See information below for the following materials:

PLA

PLA, or Polylactic Acid is one of the most popular materials used in FDM 3D printing. It is a fantastic material to learn with as it is easy to print, inexpensive and produces good quality parts. PLA is stiff and quite strong and can be printed with high dimensional accuracy; however, it should be noted that it has low heat resistance, is not suitable for outdoors, due to sunlight exposure.

PLA is also the most environmentally friendly plastic available to 3D print as it is derived from crops such as sugar cane, this provides an added bonus as this plastic gives off a sweet aroma during printing.

It can be printed at a relatively low-temperature and does not require a heated bed or an enclosure , although you may experience better results with a bed heated to around 45-60 °C. You can print PLA successfully on the majority of build surfaces and we recommend using a part cooling fan after the first layer in order to reduce oozing.

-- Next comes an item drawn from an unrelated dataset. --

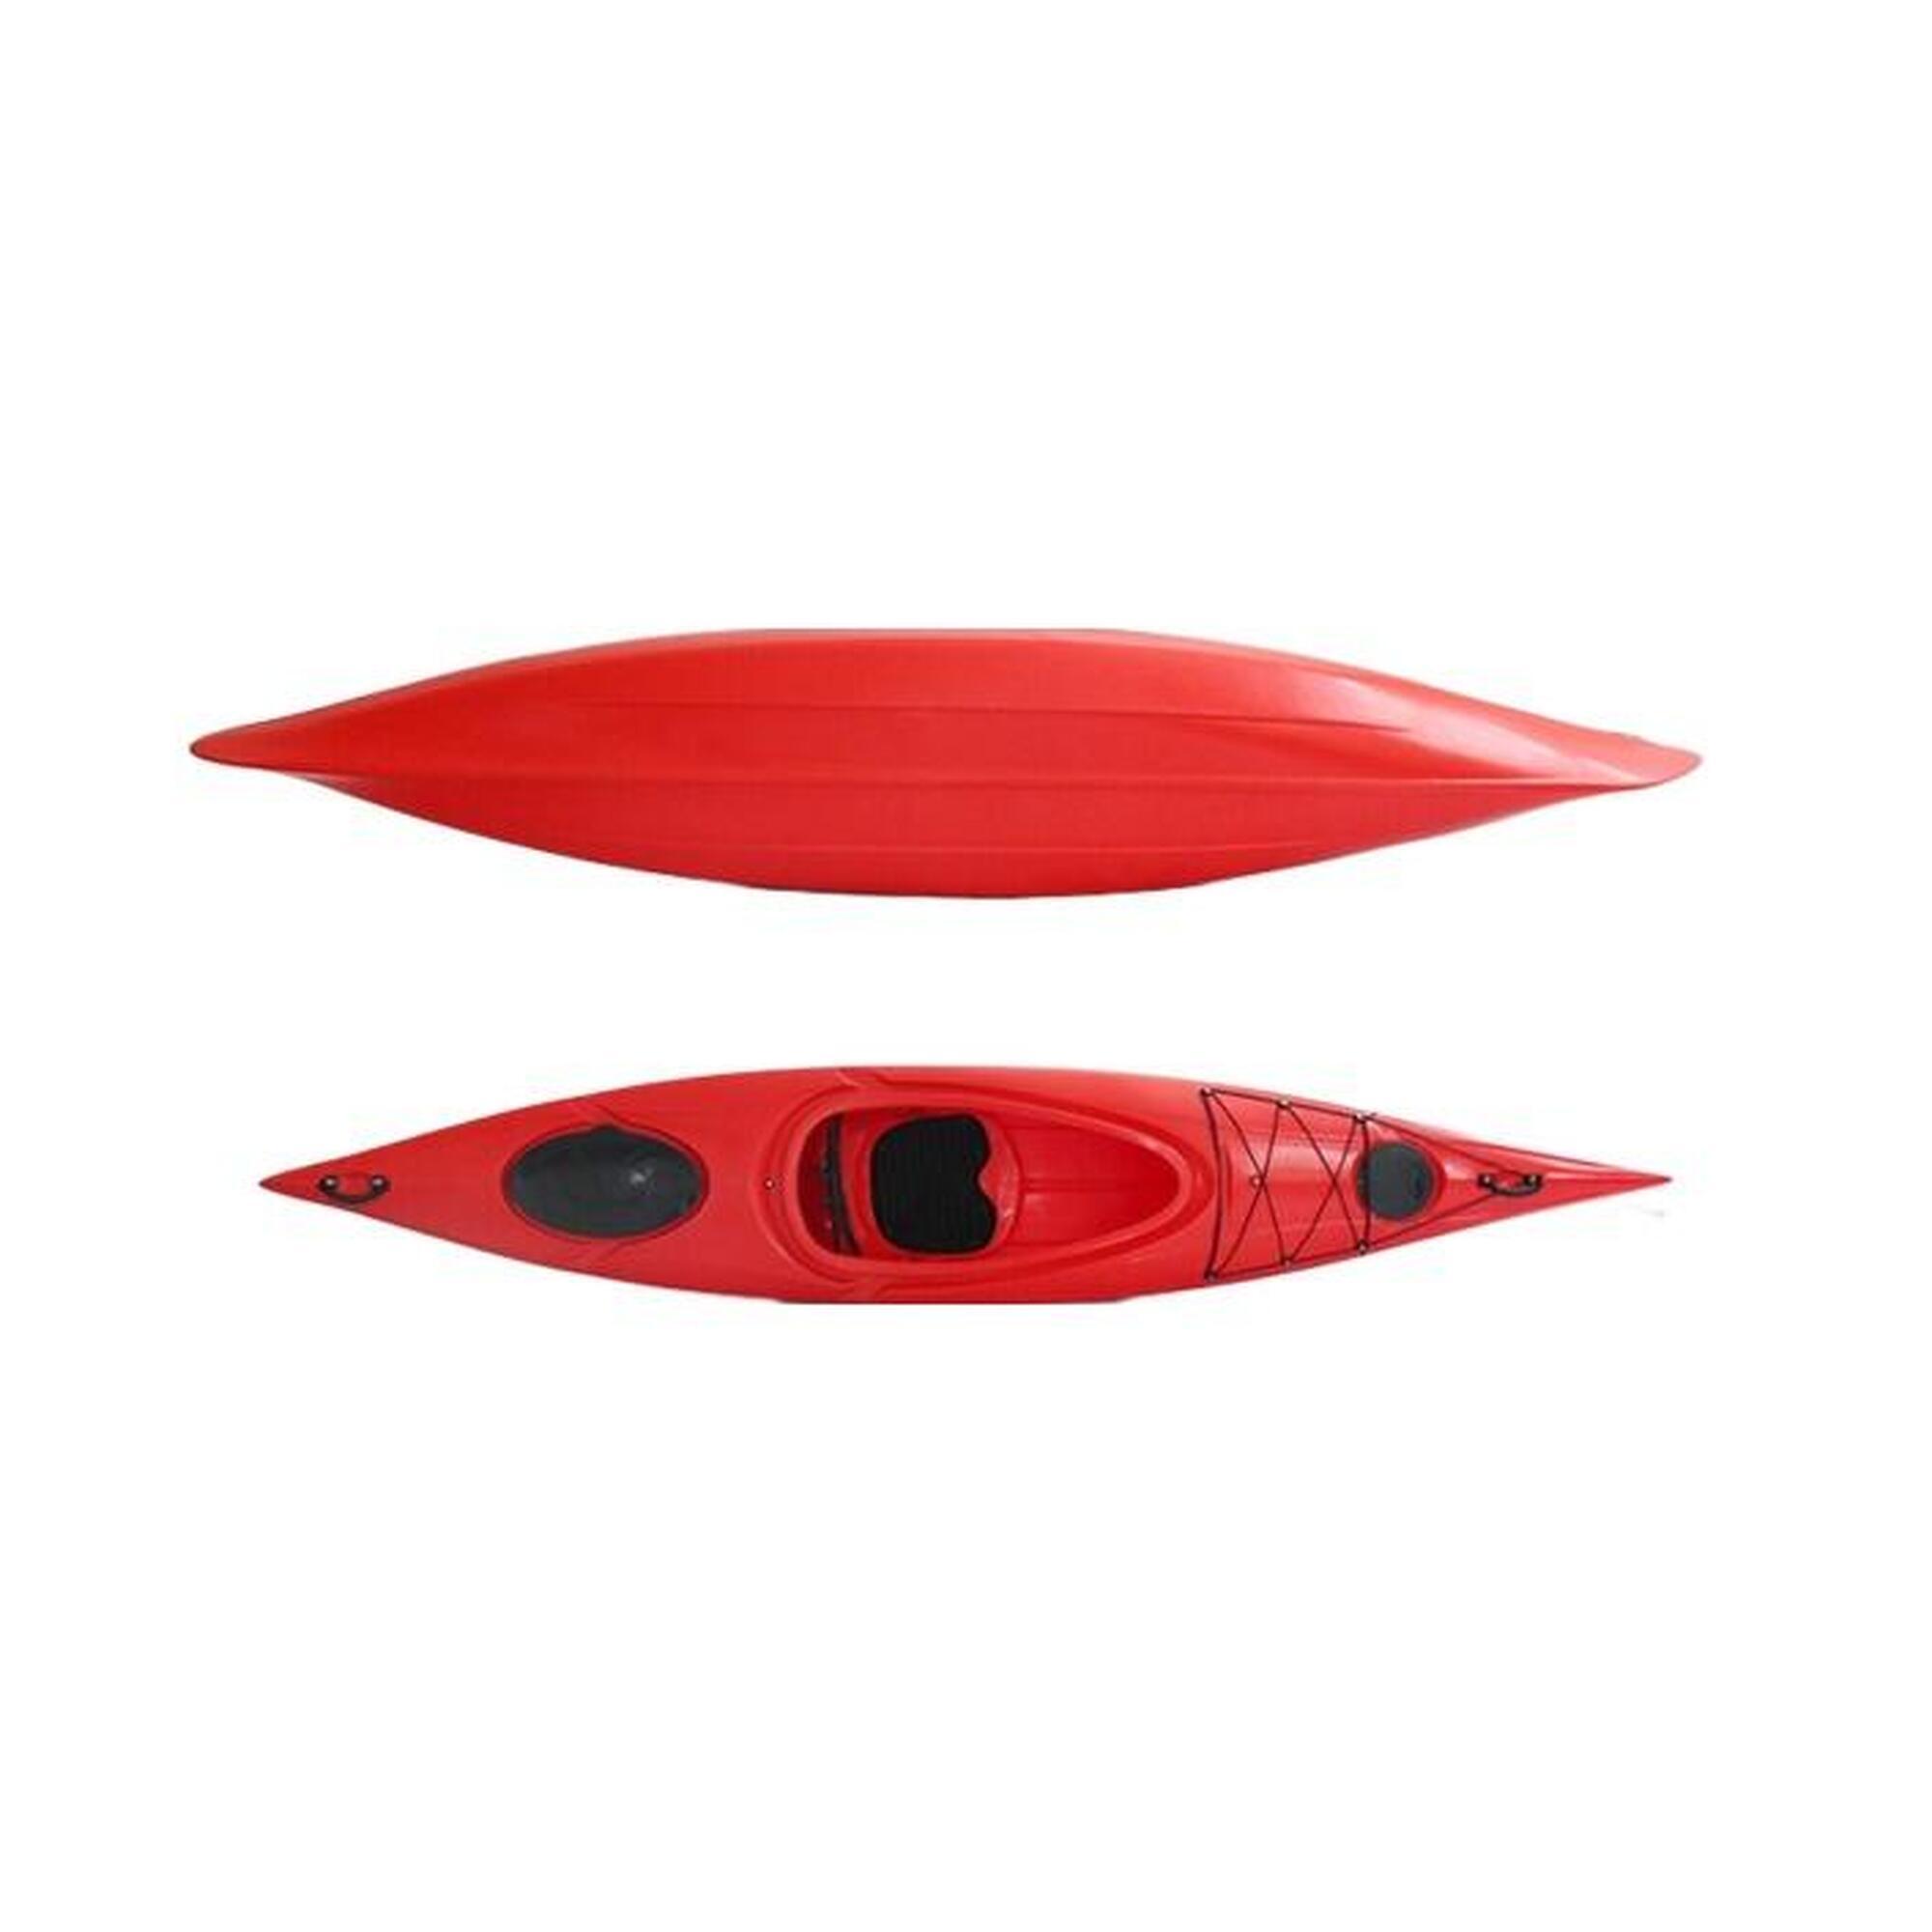 3.6米單人硬底坐入式獨木舟連槳 - 紅色

  • Extruder Temperature: 190-220 °C
  • Bed Temperature: 45-60 °C
  • Heated Bed: Optional
  • Glass Transition Temperature: 65 °C
  • Density: 1.24 g/cm3
  • Coefficient of Thermal Expansion: 68 µm/m-°C
  • Elastic (Young’s, Tensile) Modulus: 3.5 GPa
  • Build Surfaces: PEI, Painters Tape, Glass Plate, Glue Stick, PrintBite(+), BuildTak etc.

ABS

Acrylonitrile Butadiene Styrene, known as ABS for short, is a very popular 3D printing material due to its low-cost and good mechanical properties. Fun fact: Lego bricks are made out of ABS! It is a very tough and impact resistant material, enabling durable 3D printed parts which can withstand high usage and wear. With a high glass transition temperature ABS can handle higher temperatures than many other printable materials before it begins to deform. As such, this materials is a good choice for high temperature environments or outdoor applications.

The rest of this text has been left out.